-- Opening Marker --
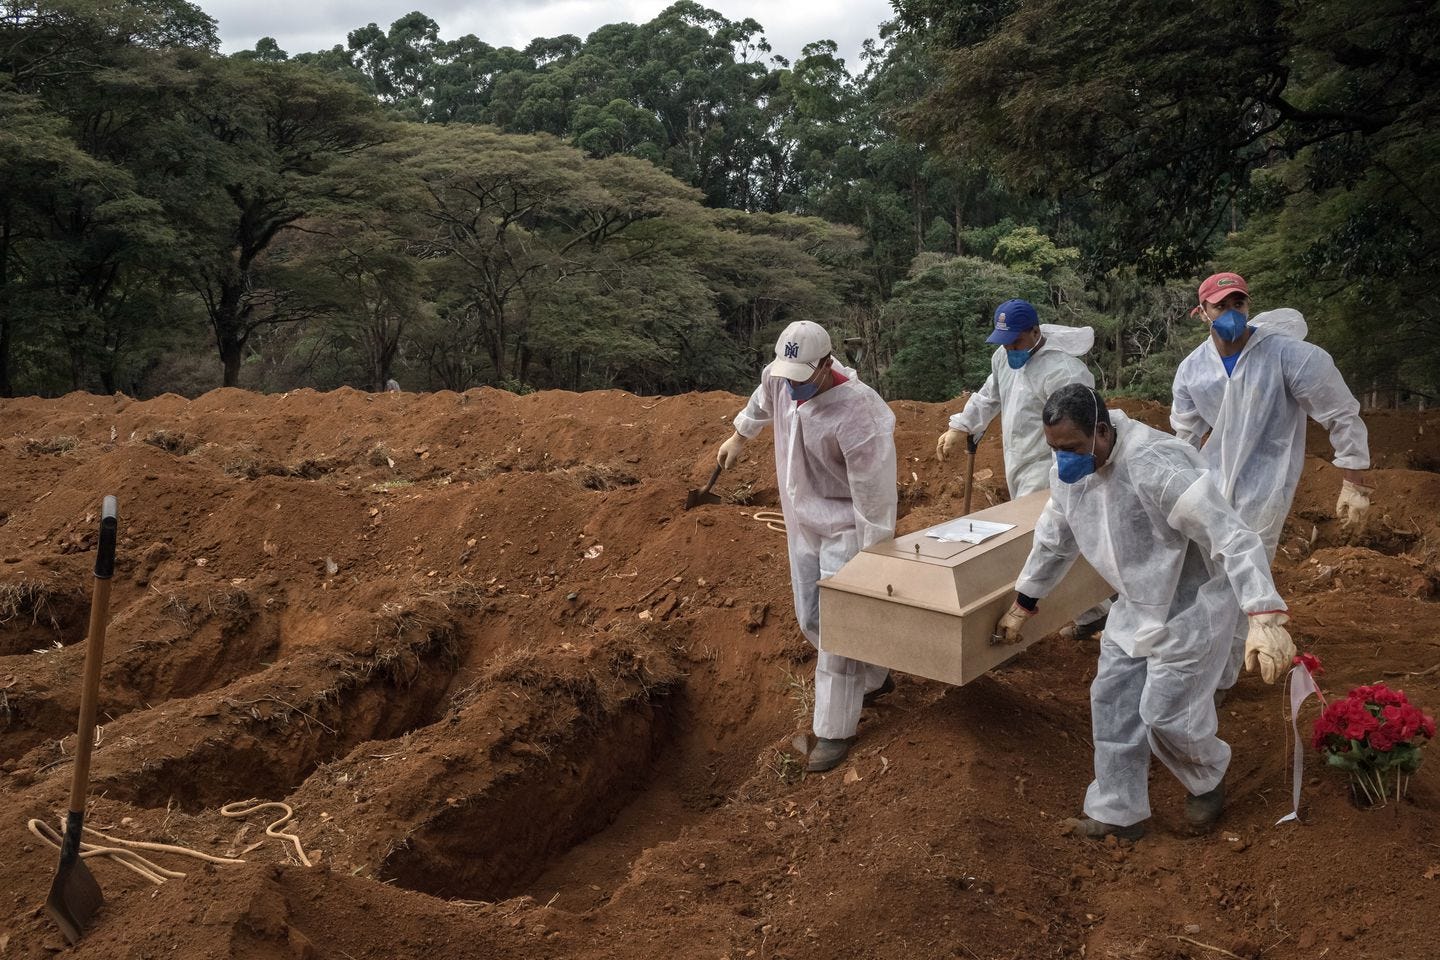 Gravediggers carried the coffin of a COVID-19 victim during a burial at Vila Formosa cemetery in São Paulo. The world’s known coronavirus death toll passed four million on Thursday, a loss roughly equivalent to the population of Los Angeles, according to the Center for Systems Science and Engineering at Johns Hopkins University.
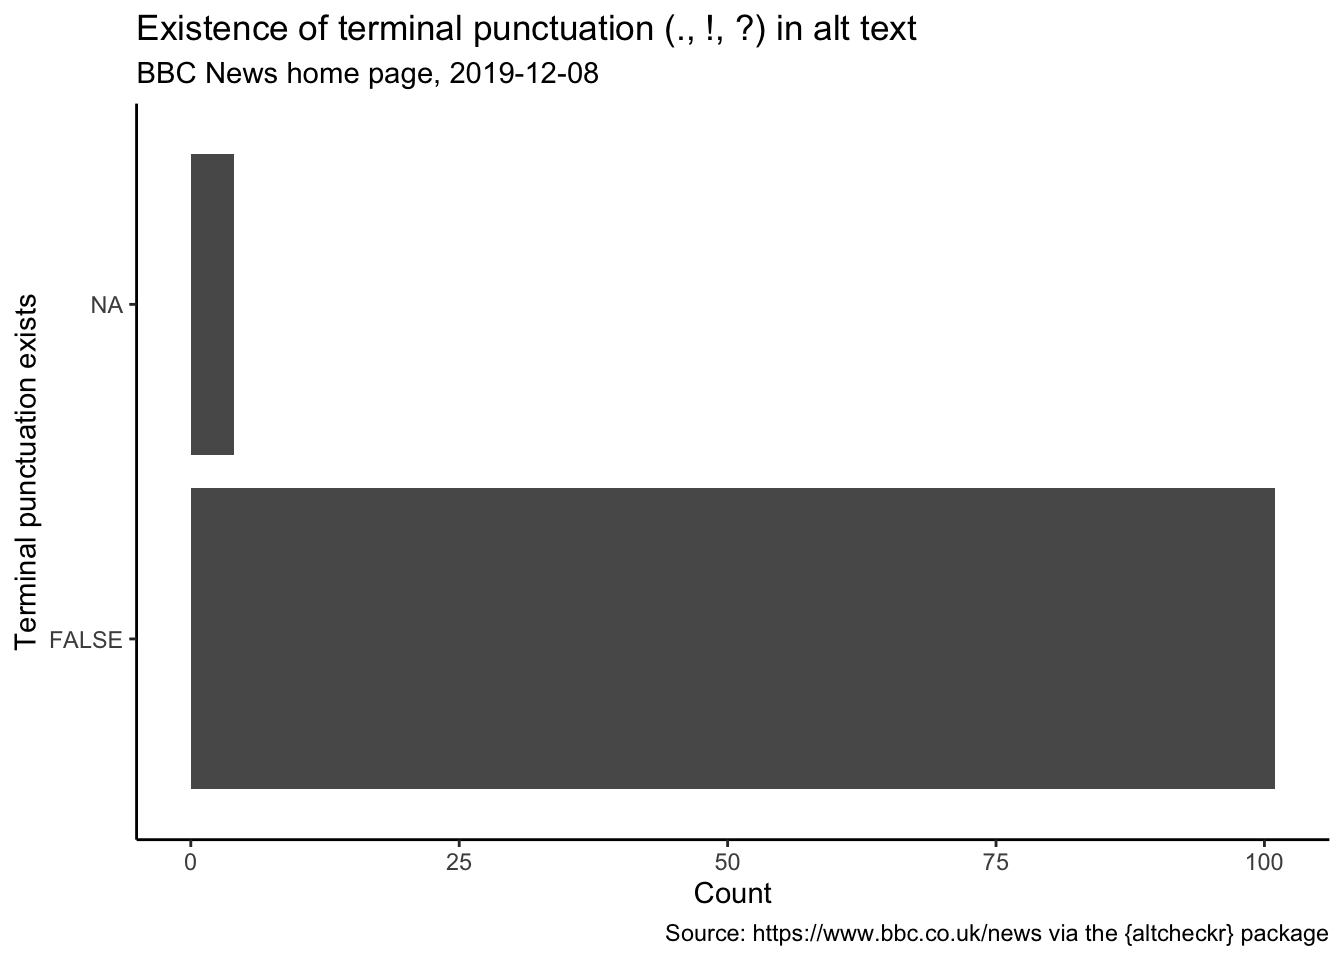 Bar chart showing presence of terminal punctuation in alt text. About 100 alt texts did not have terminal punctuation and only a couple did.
-- Closing Marker --
-- Opening Marker --
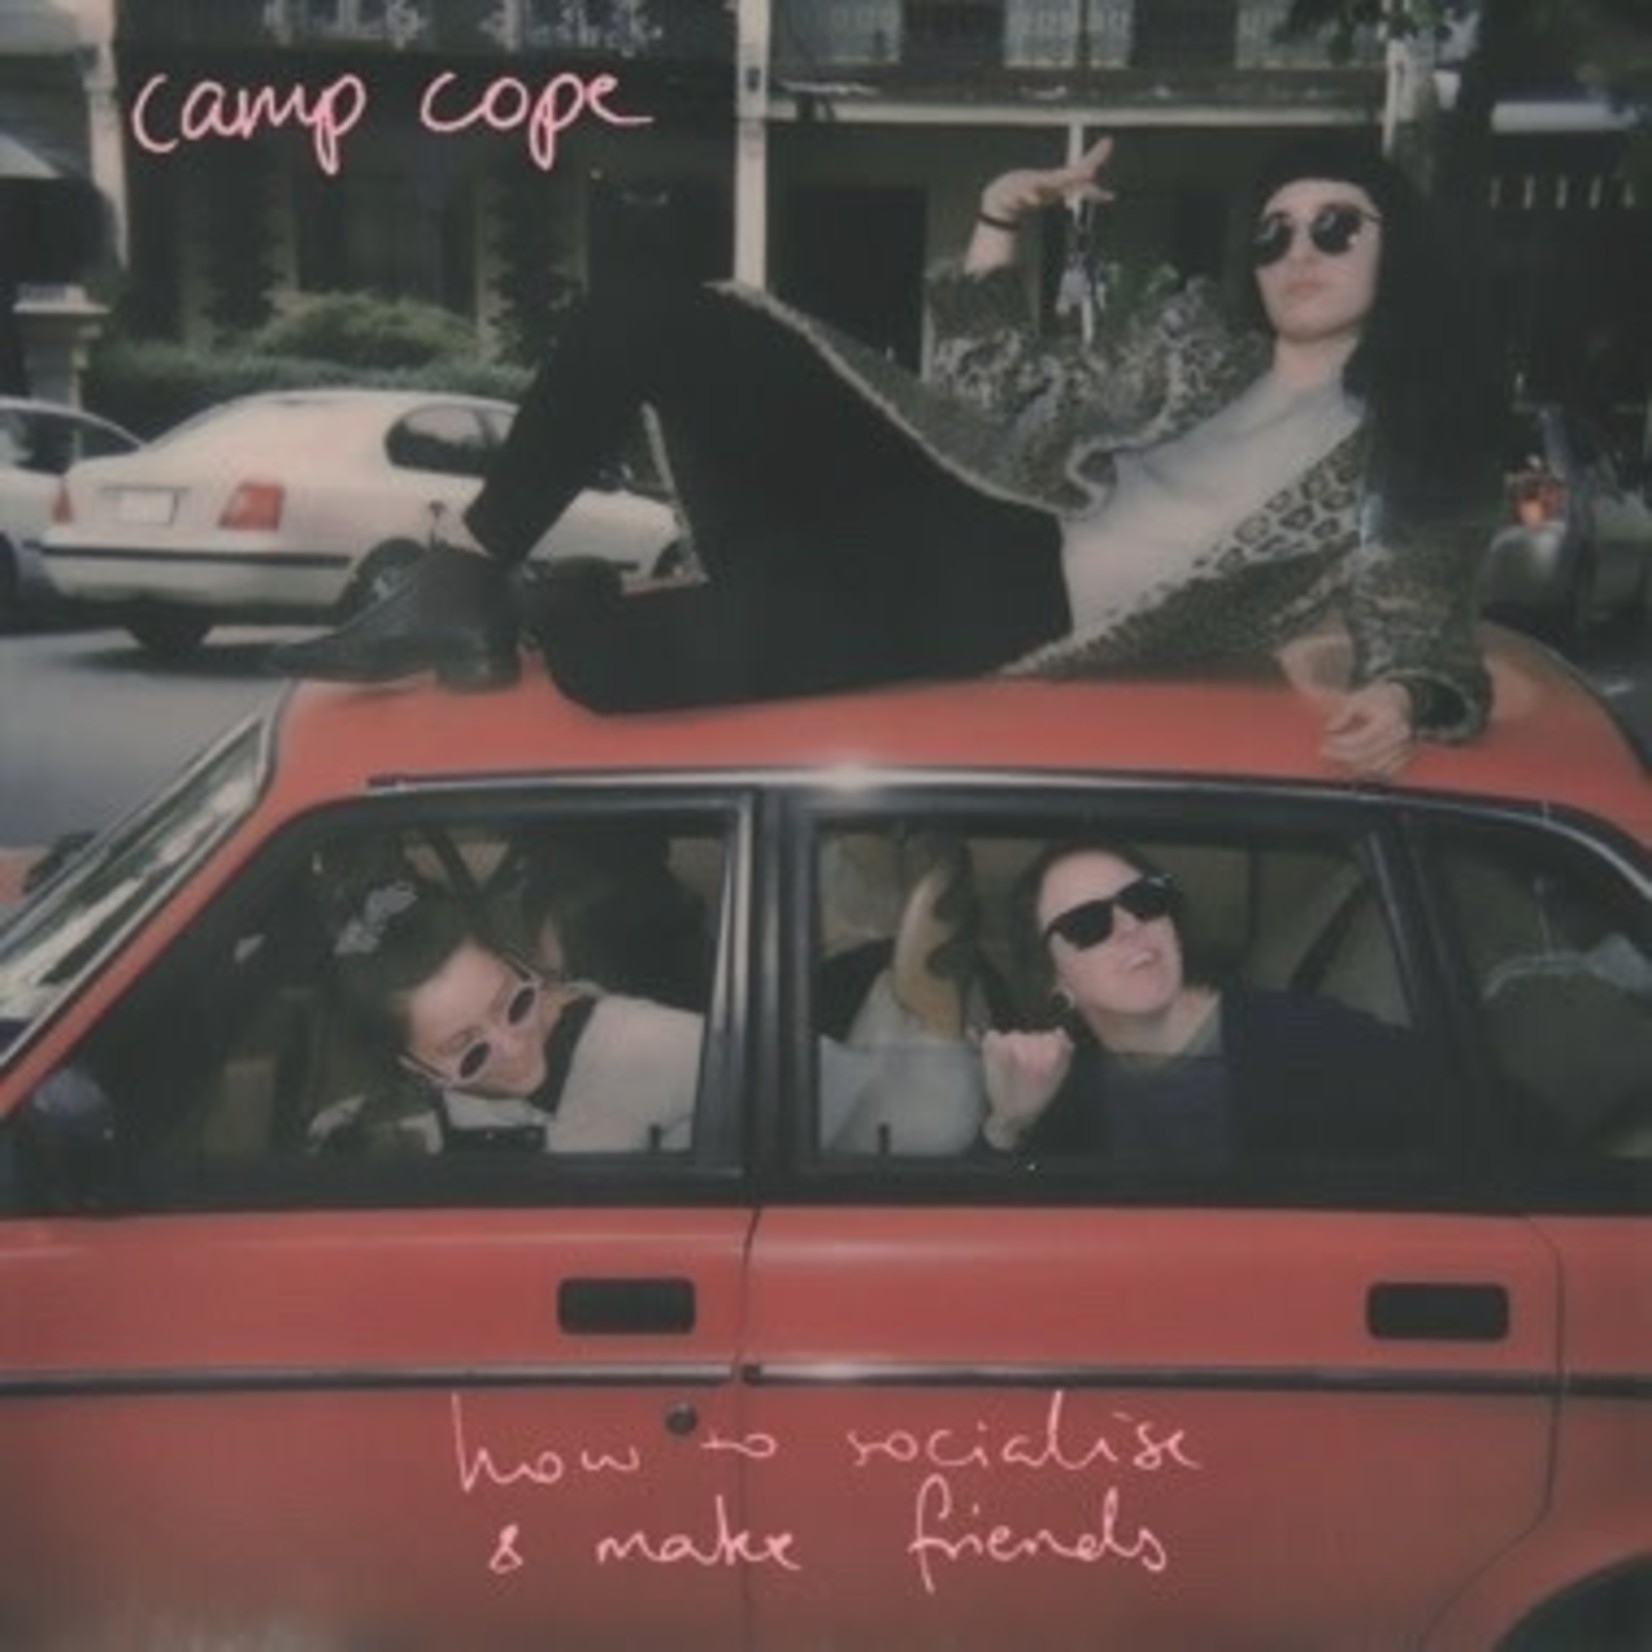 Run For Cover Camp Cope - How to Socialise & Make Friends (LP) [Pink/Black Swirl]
-- Closing Marker --
-- Opening Marker --
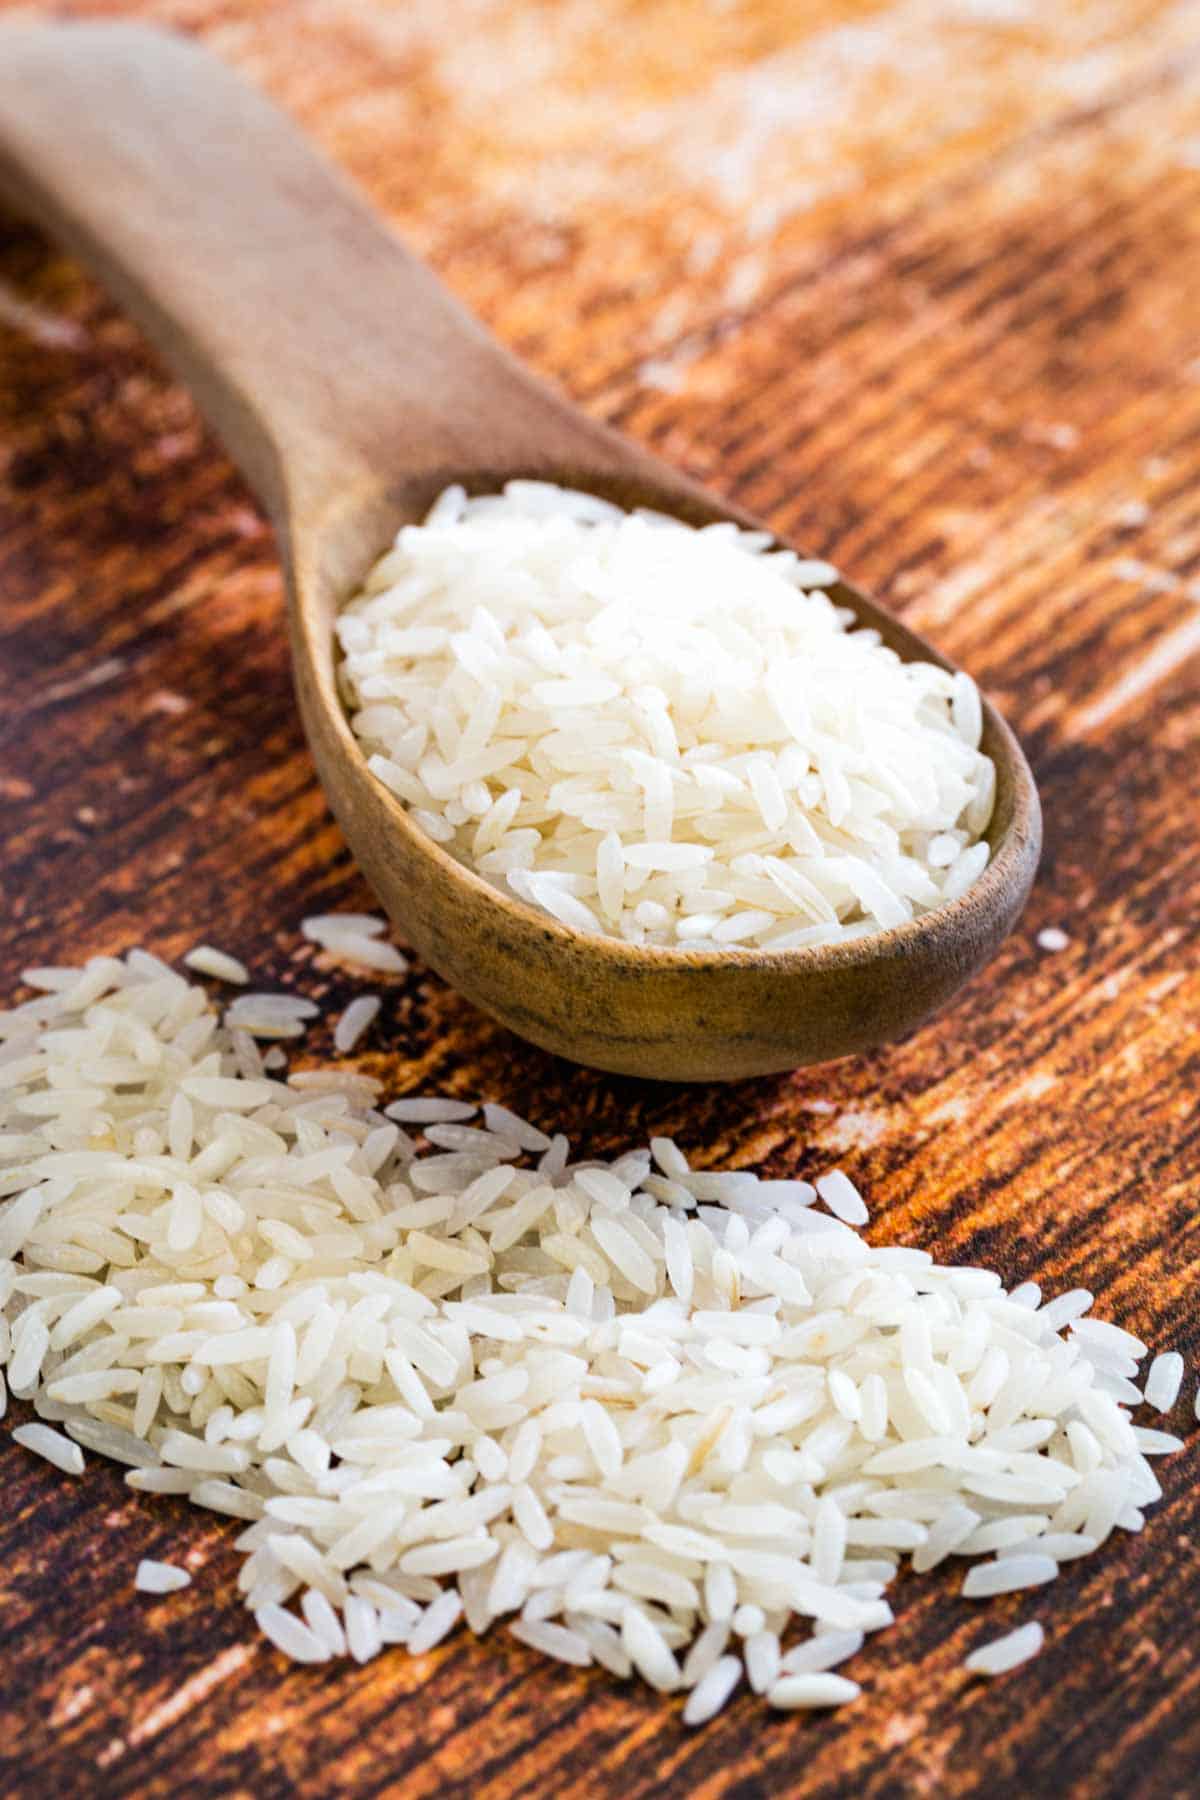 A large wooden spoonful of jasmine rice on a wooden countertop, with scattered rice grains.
-- Closing Marker --
Exercise goal >> In the entries above, every line from the line with "Gravediggers carried the" to the line with "Bar chart showing" is to be printed exactly, with both ends included and pictures excluded.

Exercise output >>
 Gravediggers carried the coffin of a COVID-19 victim during a burial at Vila Formosa cemetery in São Paulo. The world’s known coronavirus death toll passed four million on Thursday, a loss roughly equivalent to the population of Los Angeles, according to the Center for Systems Science and Engineering at Johns Hopkins University.
 Bar chart showing presence of terminal punctuation in alt text. About 100 alt texts did not have terminal punctuation and only a couple did.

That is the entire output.